**Information supplied**
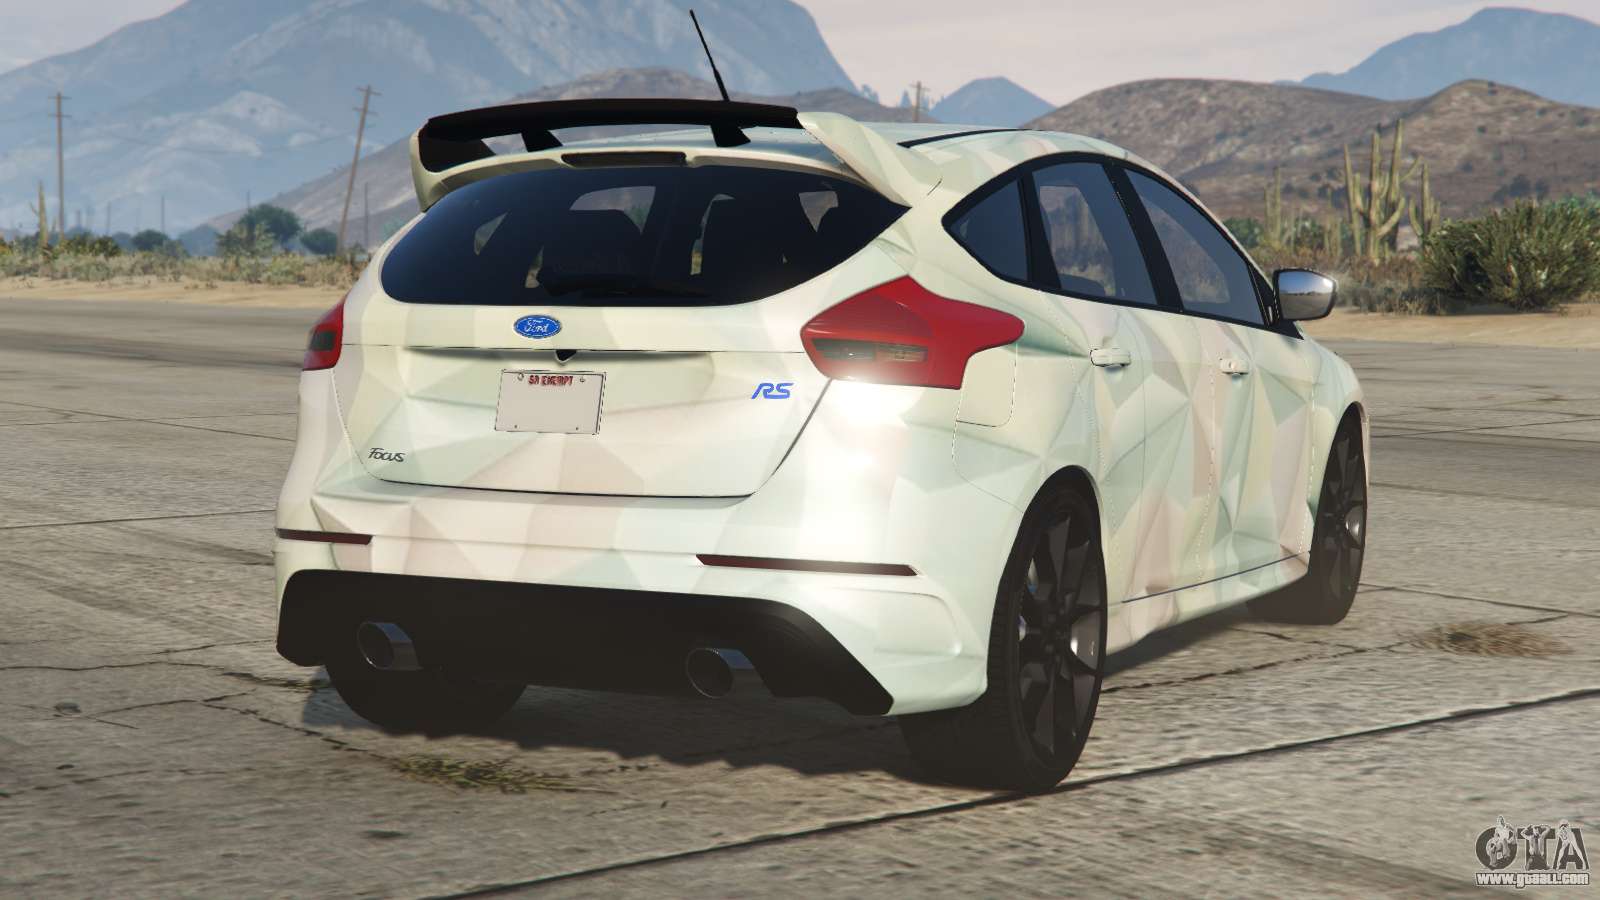 Ford Focus RS Nebula for GTA 5
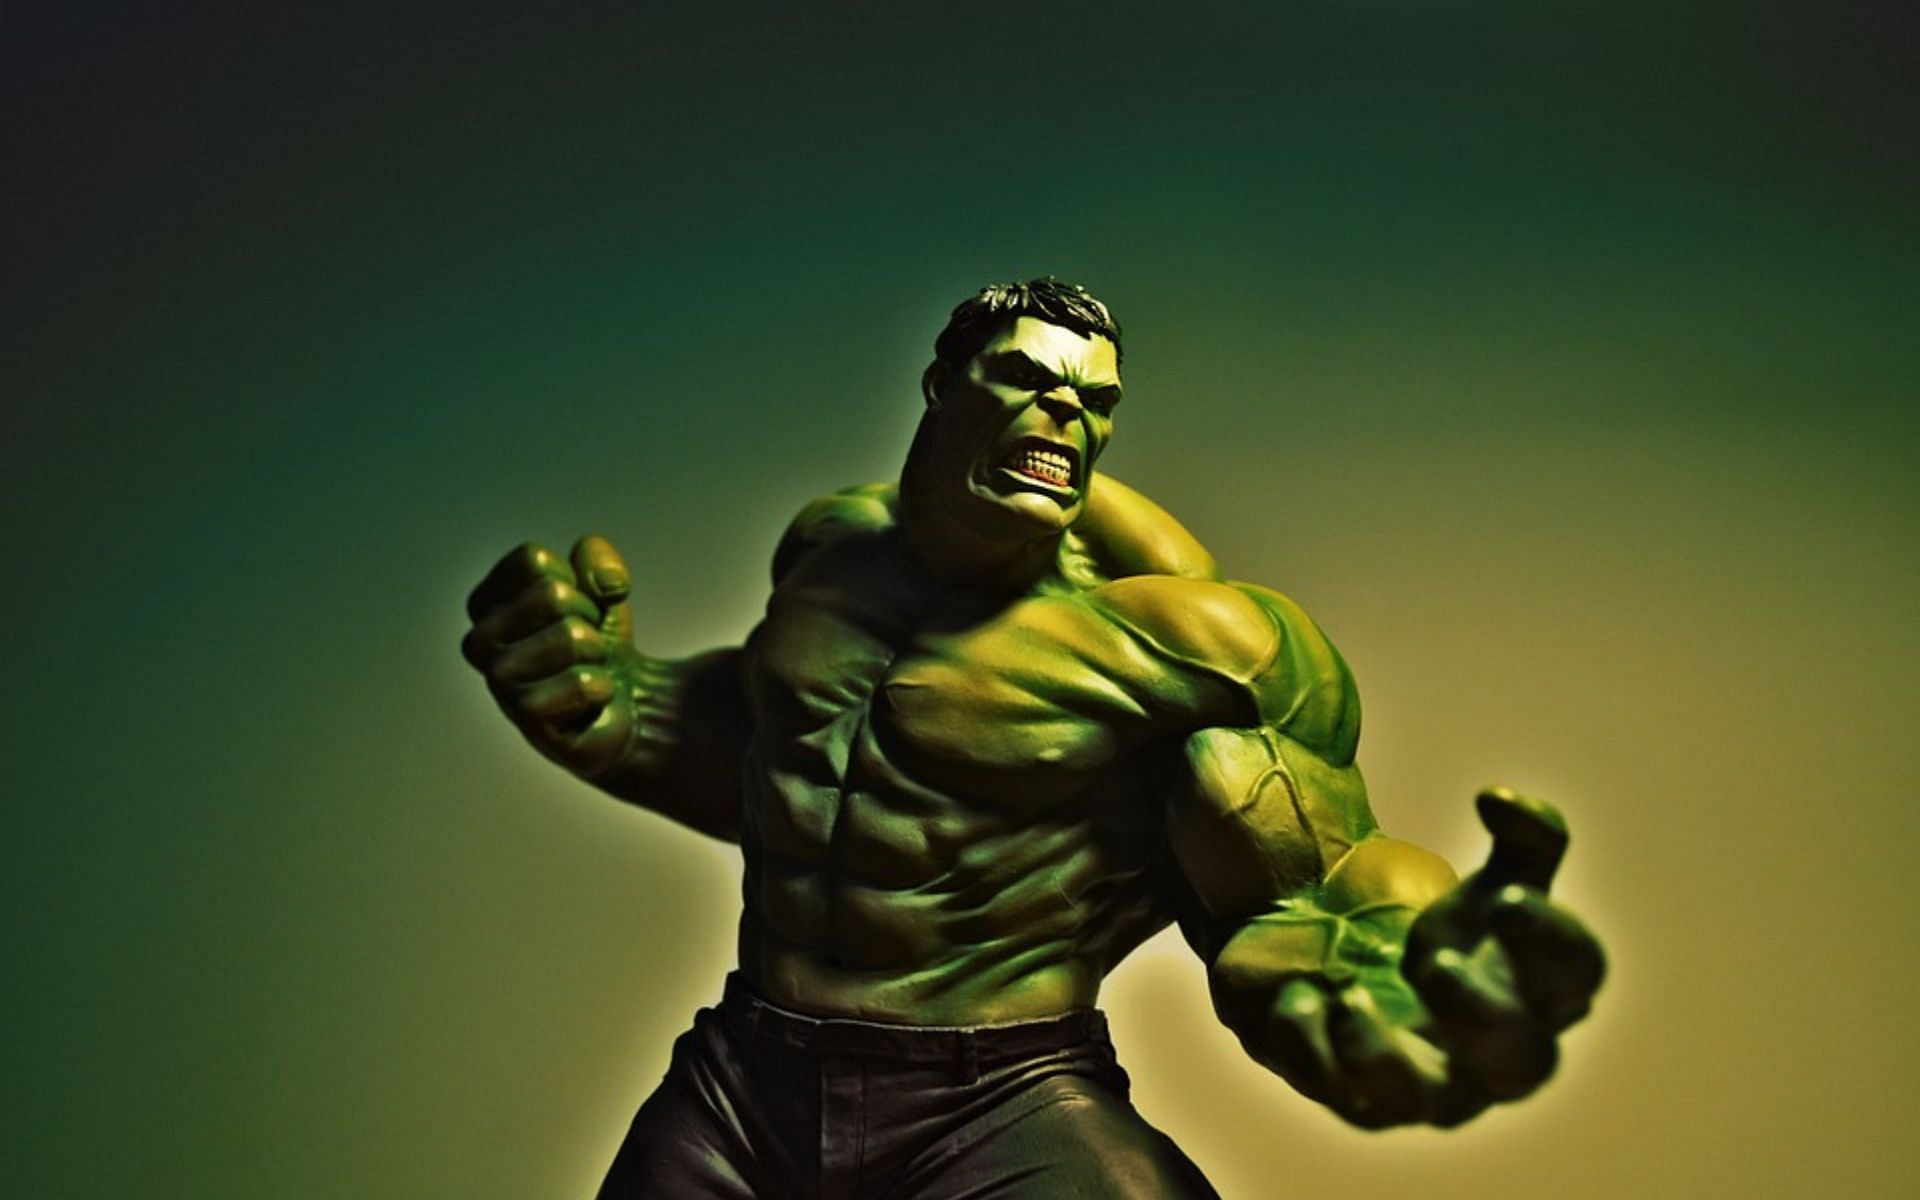 Bruce Banner in his angry avatar (Image via Pixabay)
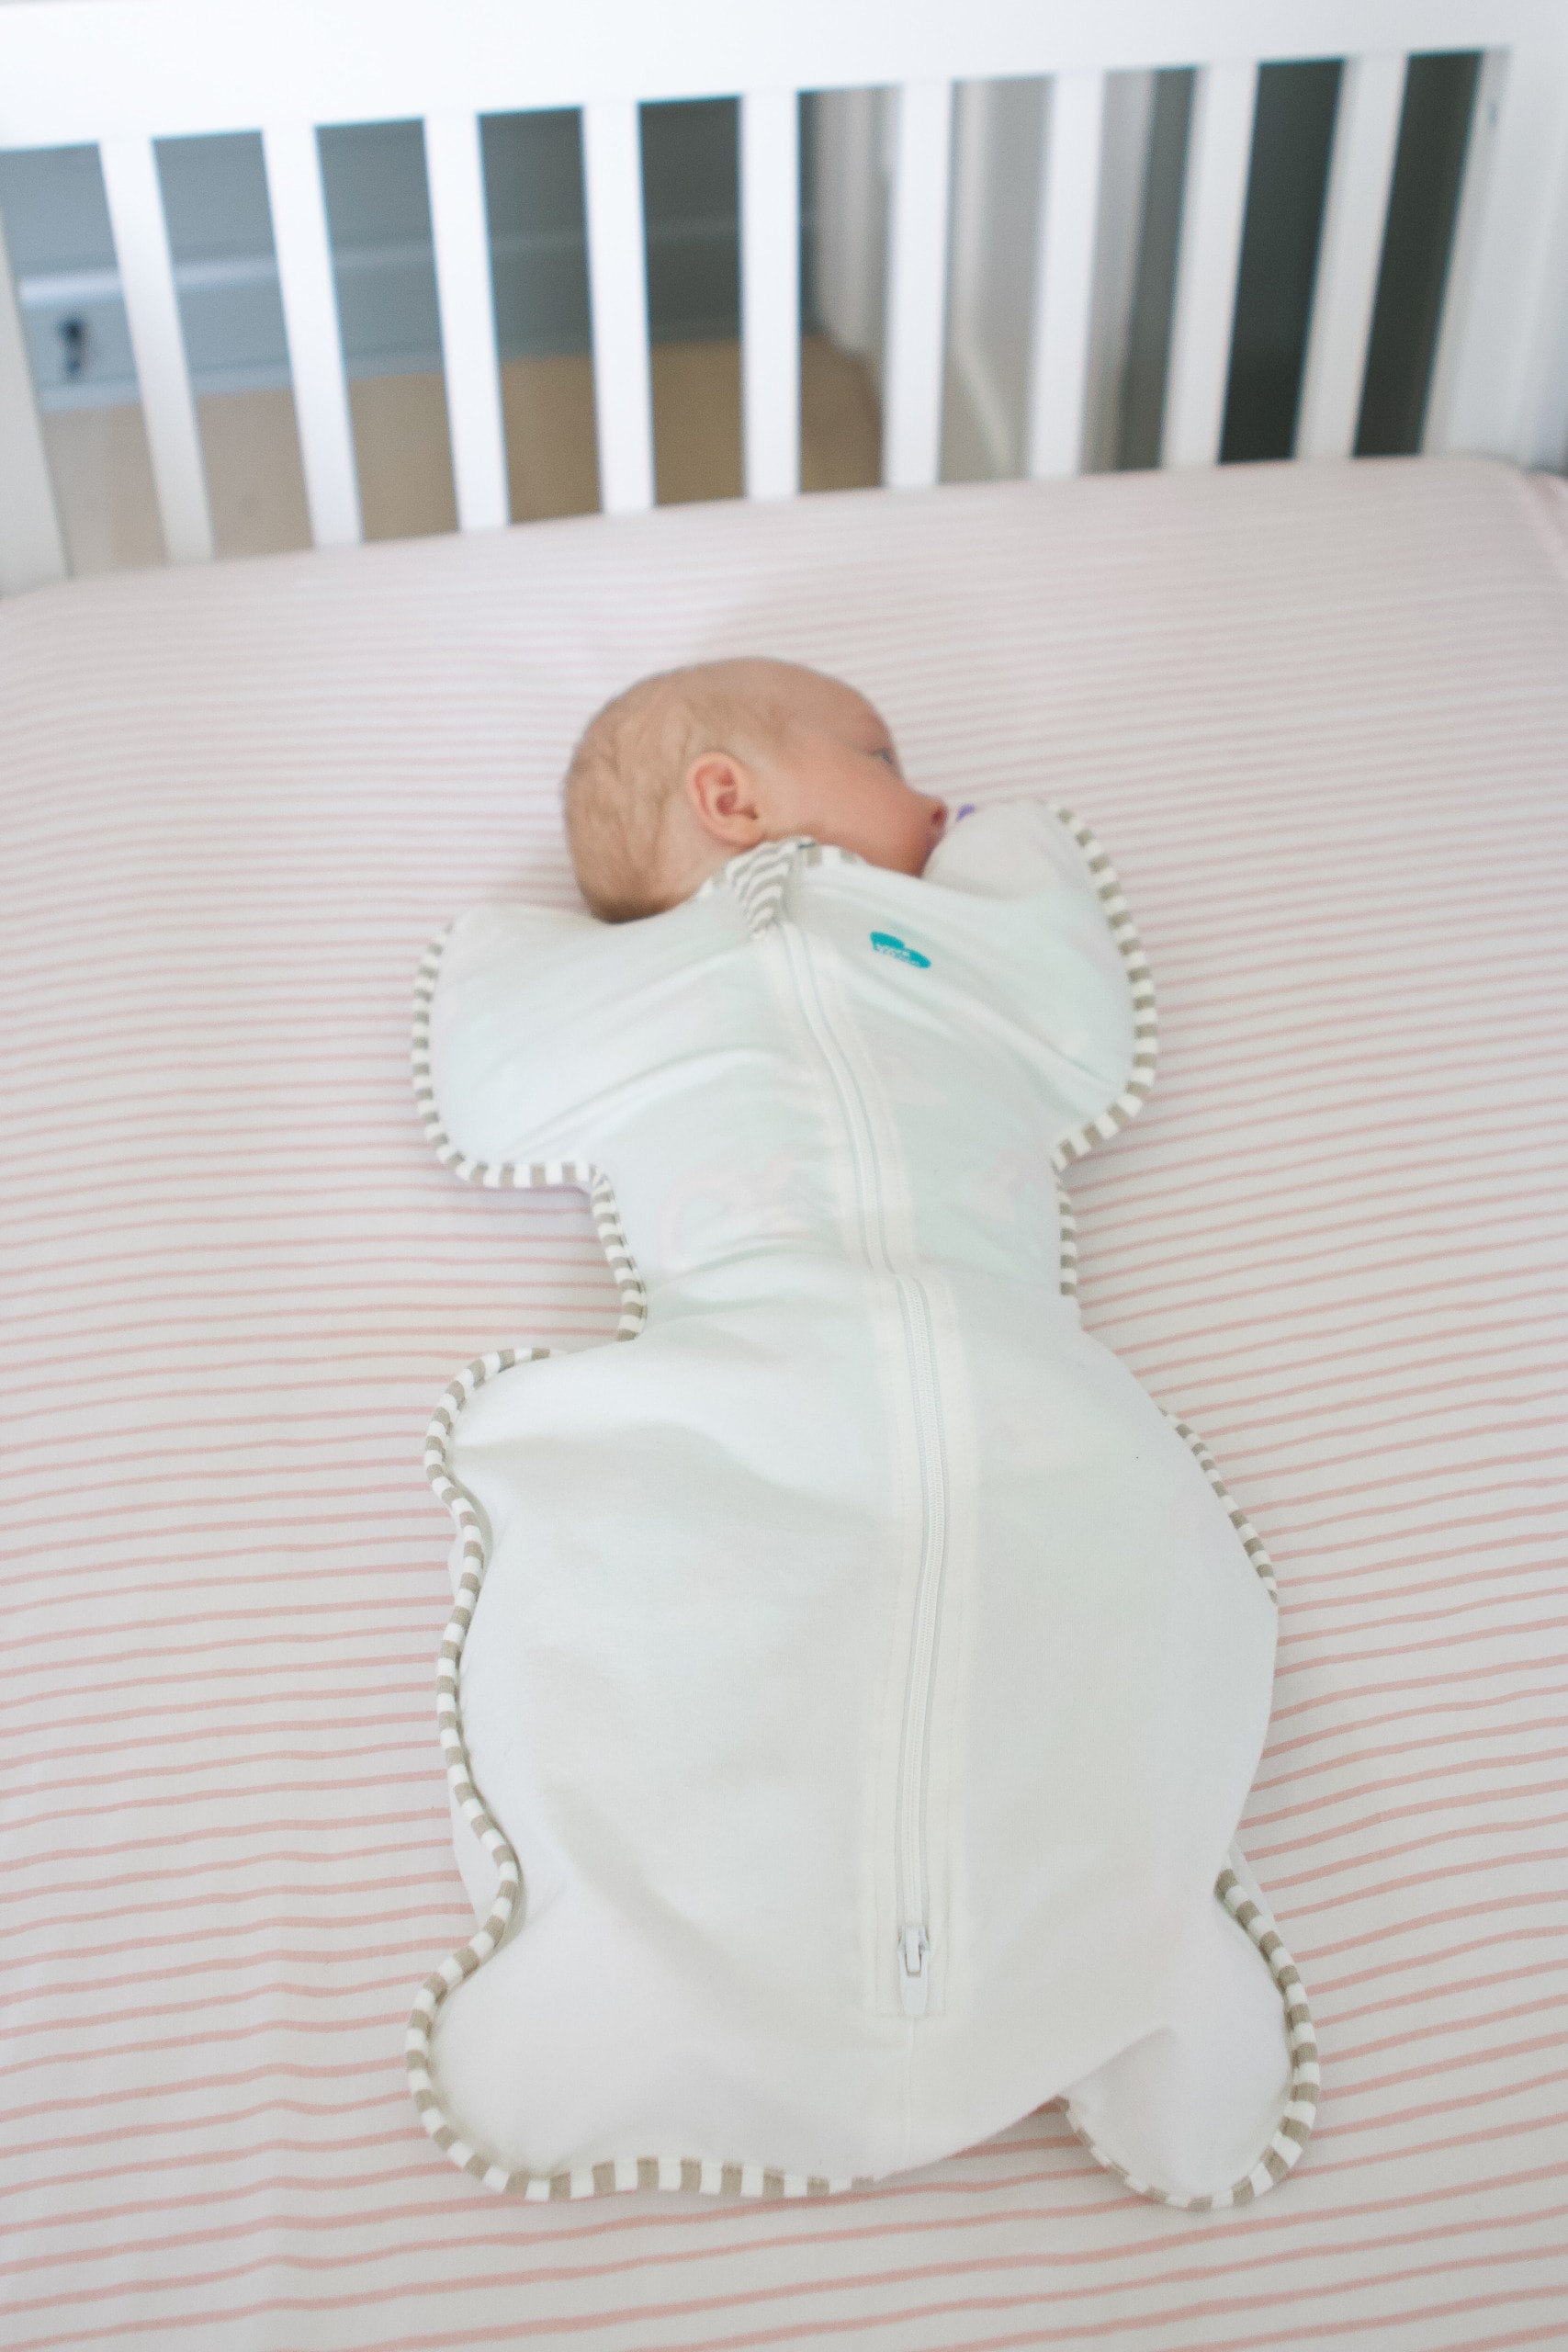 Rory in her swaddle

**What is required**
Write out the material above once more, exactly as it reads, with no pictures.

**Finished exercise**
 Ford Focus RS Nebula for GTA 5
 Bruce Banner in his angry avatar (Image via Pixabay)
 Rory in her swaddle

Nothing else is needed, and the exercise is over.